Alleanze di filiera per le Pmi

Massimiliano Del Barba
MILANO
I giorni bui della crisi hanno lasciato agli imprenditori un insegnamento: la dimensione ridotta sta diventando un limite e, per recuperare competitività, l'unica strada è quella di crescere. Ma per farlo, dicono i più illuminati, occorre aumentare il grado di managerializzazione anche nelle aziende più piccole. Un salto di qualità non da poco, se si considera che la maggioranza del manifatturiero italiano risponde ancora a un tipo di organizzazione famigliare. Lo spiega bene un bresciano doc come Sandro Bonomi, presidente di Anima, la federazione dell'industria meccanica e affine, e a.d. di Enolgas. Abituato a relazionarsi con la selva di piccoli e micro imprenditori che popola l'industriosa area lumezzanese, racconta: «Se ne parla da tempo, tuttavia, a parte qualche evento spot come la realizzazione di un marchio in joint venture, di concreto non si vede ancora nulla. Certo, oggi la crisi è mordente, e qualche imprenditore ha cominciato a comprendere la necessità di introdurre alleanze di filiera perché, come si dice, a mali estremi, estremi rimedi».
Il rischio, avverte Claudio Celata, direttore di Assocomaplast, l'associazione che riunisce i produttori di macchinari e stampi per materie plastiche, «è che in un periodo di bassa liquidità come questo, le aggregazioni si trasformino in mere operazioni di sciacallaggio». «C'è ancora molto da fare - avverte Federico Pellegatta, direttore di Acimit, l'associazione delle industrie meccanotessili -. In Italia, spesso, aggregare significa rilevare la parte buona di un'impresa che sta chiudendo. Dall'altra parte, progetti di concentrazione giudicati validi vengono frenati dal forte senso d'identità che gli imprenditori mantengono nei confronti della propria azienda. Essendo una loro diretta creazione, sono restii a condividere con altri know how, clientela e capitali».
Altro settore che soffre «di un'eccessiva parcellizzazione» è quello dei distributori di acciaio. «Piccoli clienti, piccoli distributori» è la formula usata da Michele Ciocca, neopresidente Assofermet Acciai e a.d. della Ciocca Lamiere. «Il comparto - prosegue - si è in pratica settato sulla dimensione medio-piccola degli utilizzatori a valle. Si tratta di una situazione penalizzante: le poche aperture verso processi di aggregazione che abbiamo registrato in passato sono state accantonate perché fino a metà dello scorso anno gli affari filavano bene.

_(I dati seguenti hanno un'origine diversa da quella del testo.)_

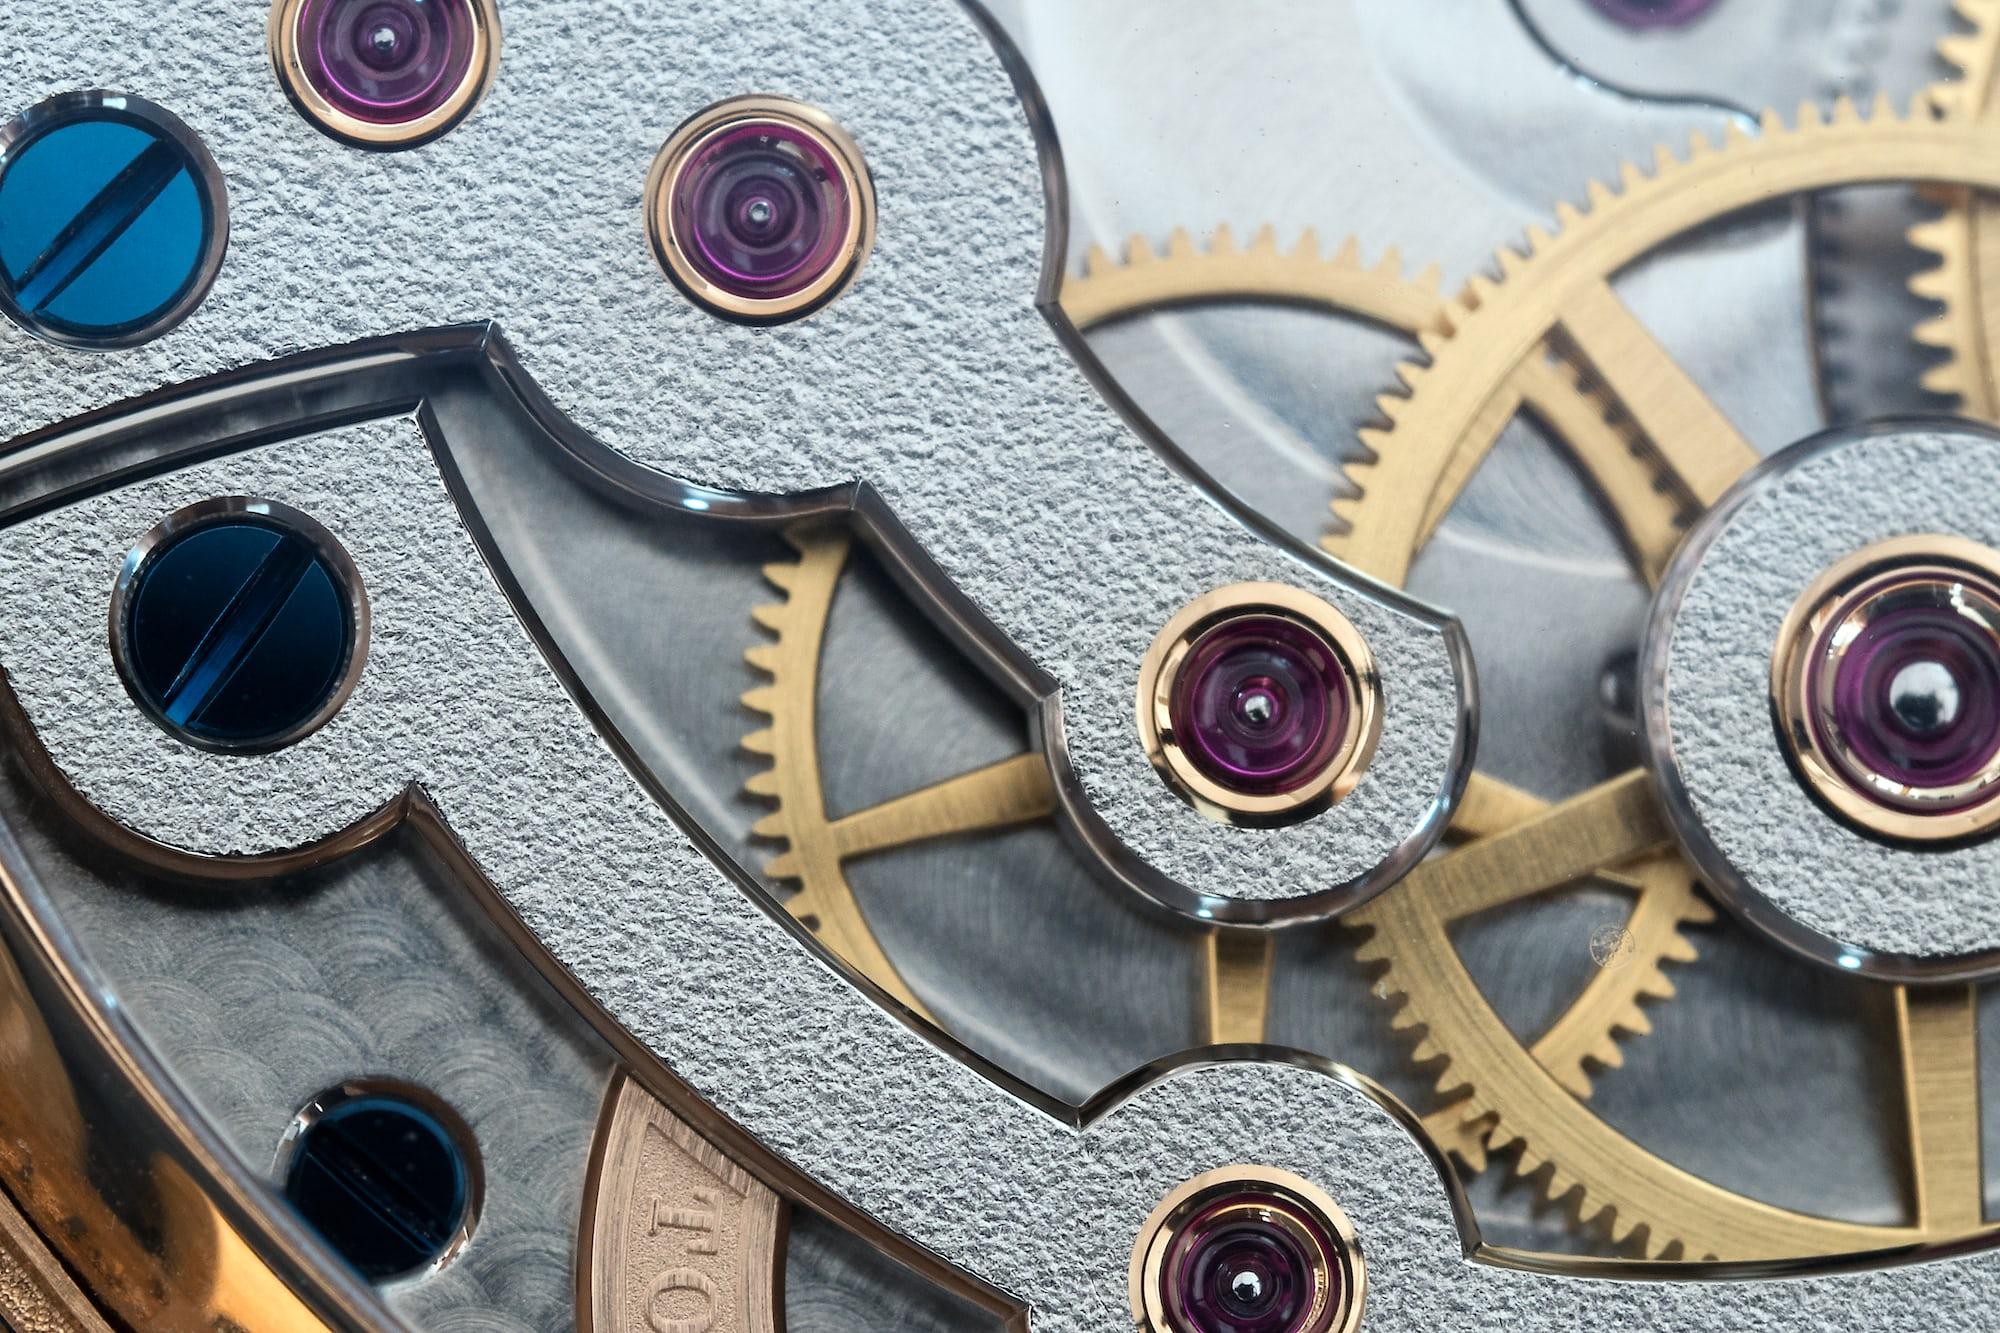 In-Depth: The Greubel Forsey Tourbillon 24 Secondes Asymtrique Edition Historique. In-Depth: The Greubel Forsey Tourbillon 24 Secondes Asymtrique Edition Historique. P7312112

Oggi invece si ricomincia a parlare di accordi commerciali anche se, a mio avviso, serve qualcosa di più profondo, come vere concentrazioni patrimoniali».
Esempi virtuosi da seguire, su questa strada, ce ne sono. Si pensi a Seci, la holding del gruppo Maccaferri, protagonista di un fortunato processo di aggregazione di diversi marchi, dall'agroalimentare alla meccanica fino al settore immobiliare. Oppure all'esperimento che ha coinvolto la filiera della robotica bergamasca e bresciana lungo l'asse del Kilometro Rosso che corre parallelo all'autostrada A4. O ancora alla Ht Mir di Sondrio, risultante dell'accorpamento di tre marchi operanti nel settore delle presse per materie plastiche e alla torinese Fmt, frutto dell'unione fra le Officine meccaniche Favretto e Maccanodora, primo esempio italiano di aggregazione fra aziende produttrici di macchine utensili, robot e automazione. «Una strada, quest'ultima, che molti altri dovrebbero percorrere per continuare a competere sui mercati globali - commenta Giancarlo Losma, presidente di Losma Spa e numero uno di Ucimu, l'unione delle aziende costruttrici di macchine utensili -. Come associazione stiamo cercando di favorire qualsiasi forma di contatto fra aziende, da semplici accordi fino a patti in deroga. Serve però un segnale deciso da parte dell'Esecutivo: chiediamo con forza - conclude - la defiscalizzazione delle plusvalenze sulle aggregazioni».
A spingere sulla risorsa manageriale per pilotare futuri processi di aggregazione è invece Stefano Zapponini, vicepresidente dell'Unione degli industriali romani, secondo cui «un dirigente proveniente da una grande azienda può fare la fortuna di una Pmi poiché è abituato a ragionare in un'ottica di filiera. In molti casi ha già in tasca la soluzione per un'azienda che vuole stringere alleanze. Da noi - continua - non c'è cultura dei private equity che possono supportarti. Nelle banche non c'è chi sa leggere un piano d'aggregazione. Eppure gli istituti di credito posseggono una quantità gigantesca di informazioni sullo stato di salute delle imprese: potrebbero essere benissimo loro - avanza - a indirizzare due soggetti verso l'aggregazione».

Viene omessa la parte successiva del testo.